Important findings Nocturnal low temperature had limited effects on the rapid light-response curves of PSII relative electron transfer rate through PSII (rETR), the fraction of open PSII centers (q_L), and PSII non-photochemical quenching coefficient (q_NP). The comparison of chlorophyll fluorescence between 400 and 1 500 μmol·m⁻²·s⁻¹ steady-state light intensities confirmed that NLT treatment did not affect the activity of the PSII reaction center and the process of non-photochemical quenching of K. pygmaea.
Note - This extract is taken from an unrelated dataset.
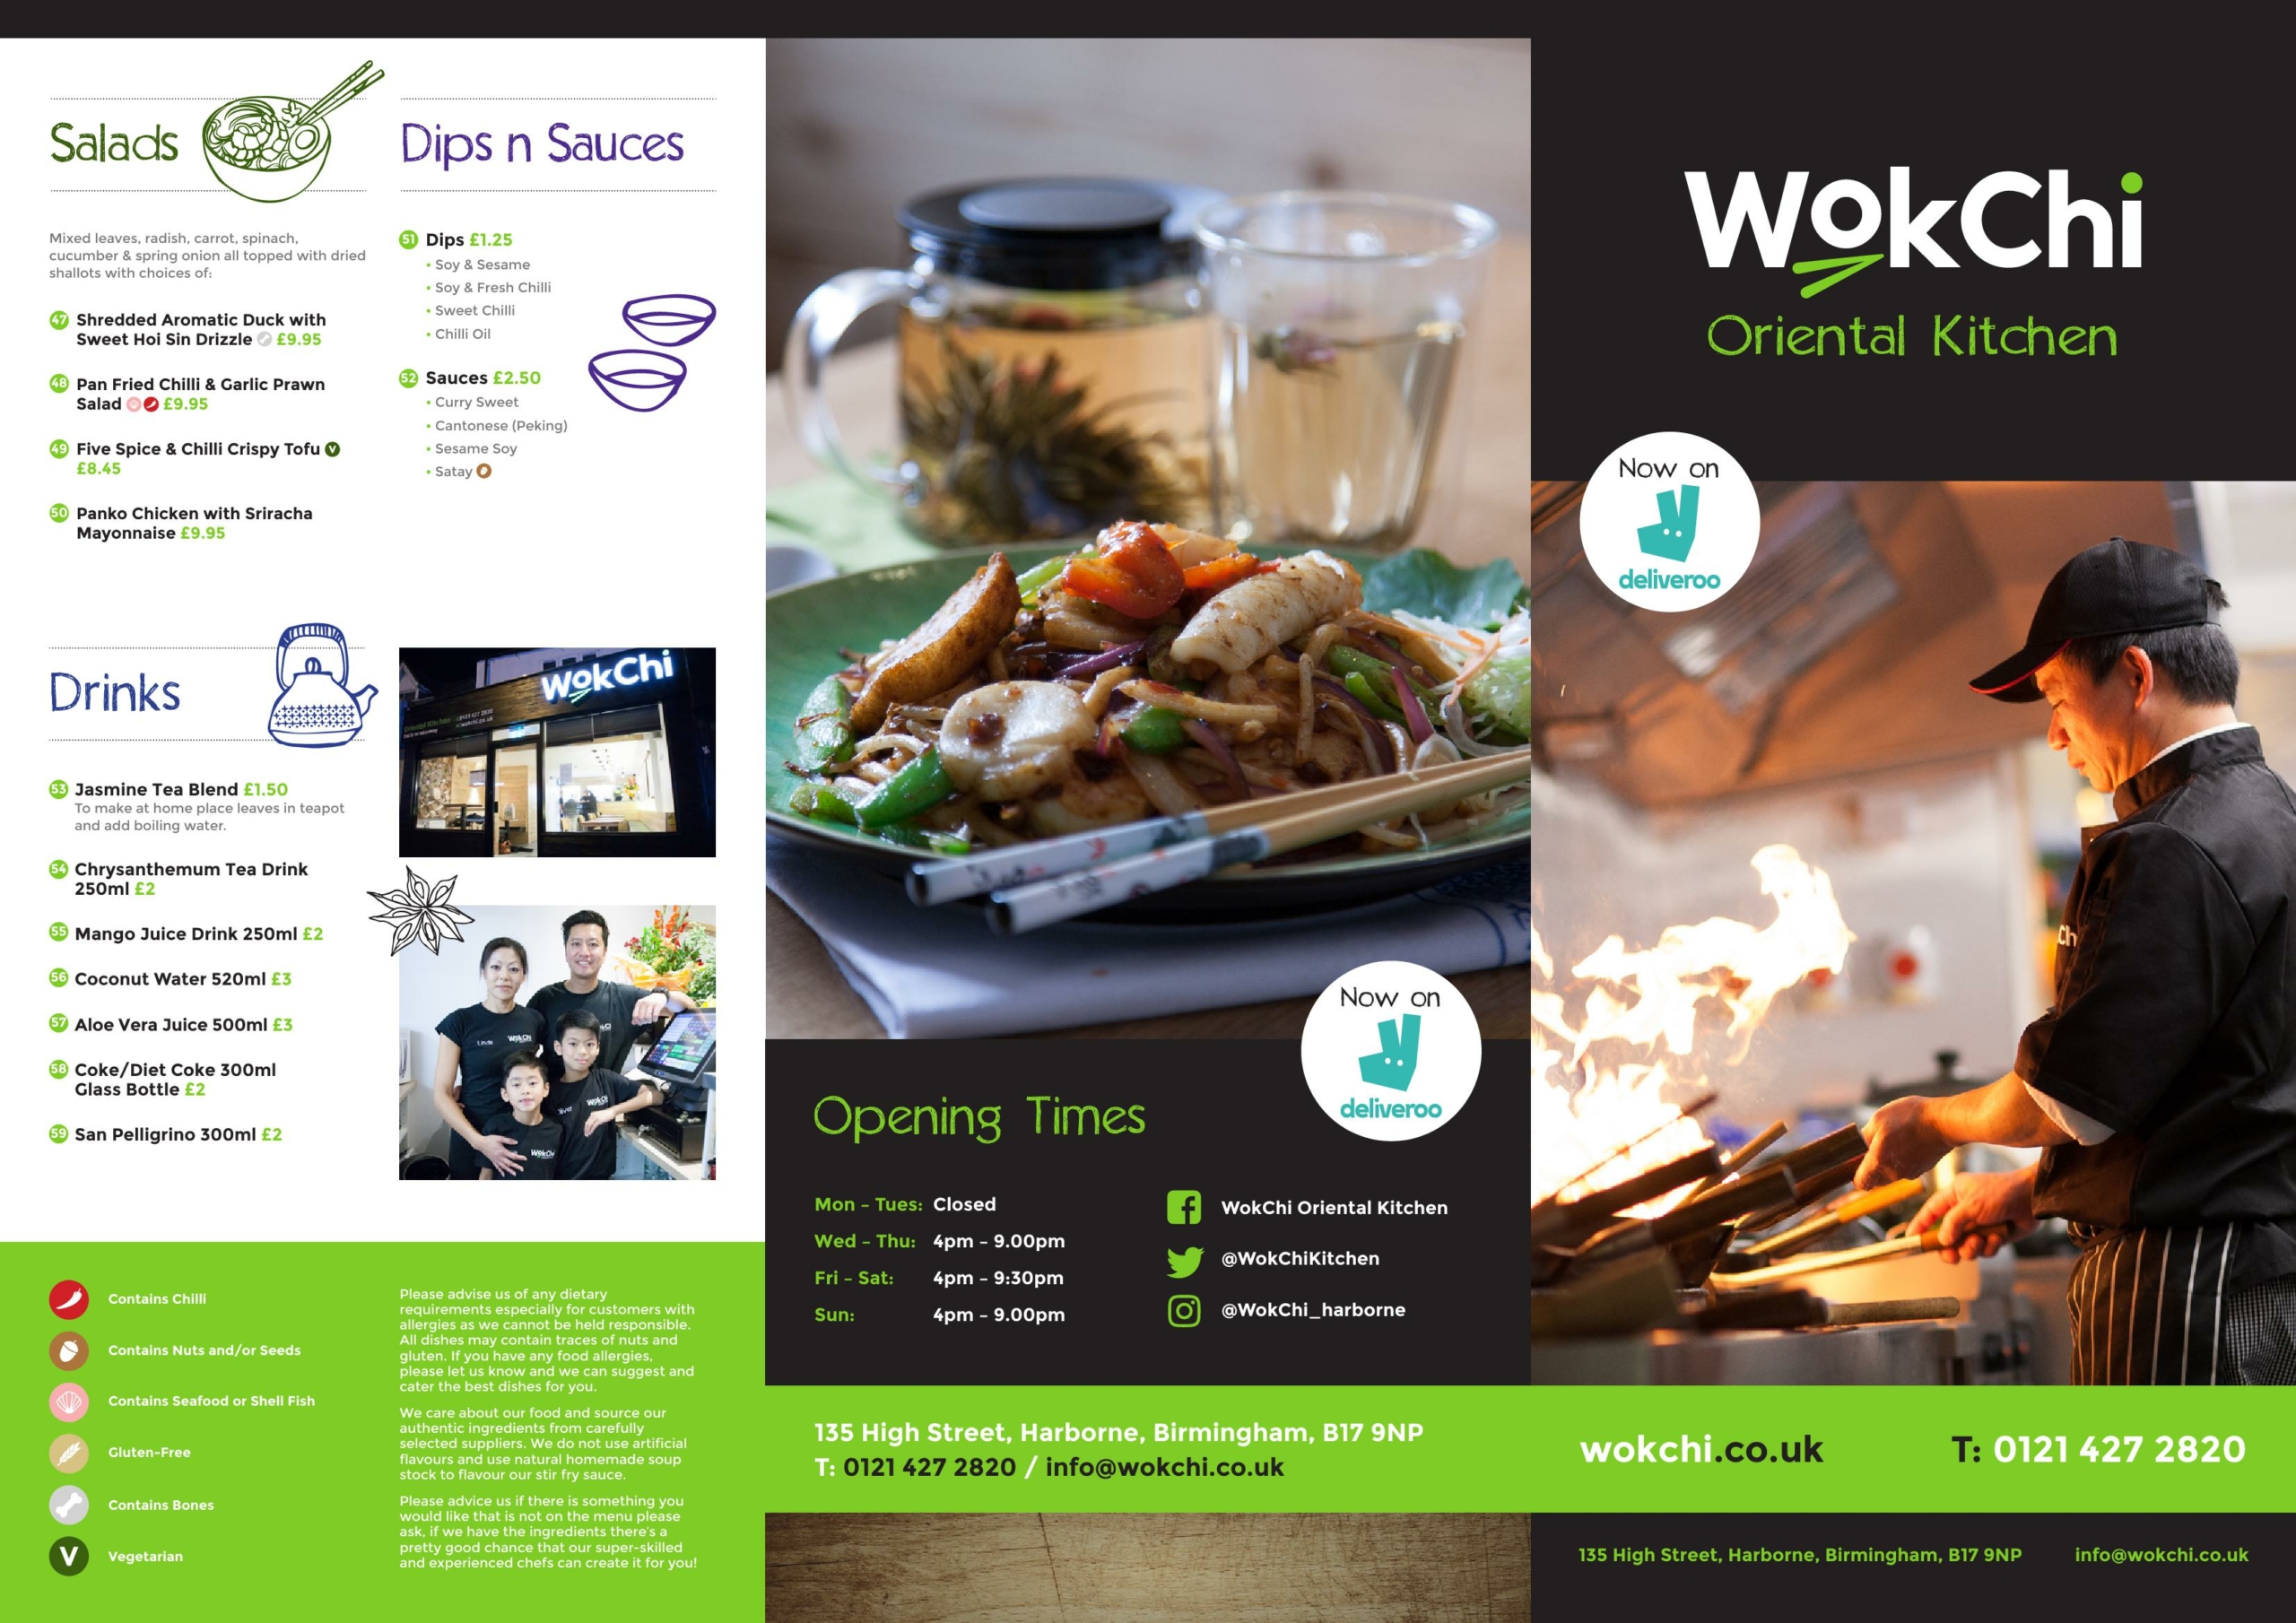 Wok Chi Oriental Kitchen - main menu

On the third day after NLT treatment, under high light intensity, the ratios of Φ_PSII:Φ_NO:Φ_NPQ were 36:19:45 and 38:19:43 in the control and NLT groups, respectively; while under lower light intensity, they were 66:22:12 and 66:23:11, respectively. The fast relaxation component (NPQ_f) was the main component in non-photochemical quenching (NPQ); the proportion of the slow relaxation component in non-photochemical quenching was 11% and 10% on day 1 and day 3 in control group, and 13% and 12% in NLT group, respectively. Our results indicated that the probability of photoinhibition of the PSII reaction center in K. pygmaeawas increased after NLT treatment; low light intensity and NLT led to the prolongation of photosynthetic induction time. Overall, the NLT treatment did not increase the tendency of excess excitation energy to be difficult to regulate and dissipate in K. pygmaea leaves, since PSII photochemical energy dissipation and protective regulation mechanism still effectively distributed the absorbed light energy.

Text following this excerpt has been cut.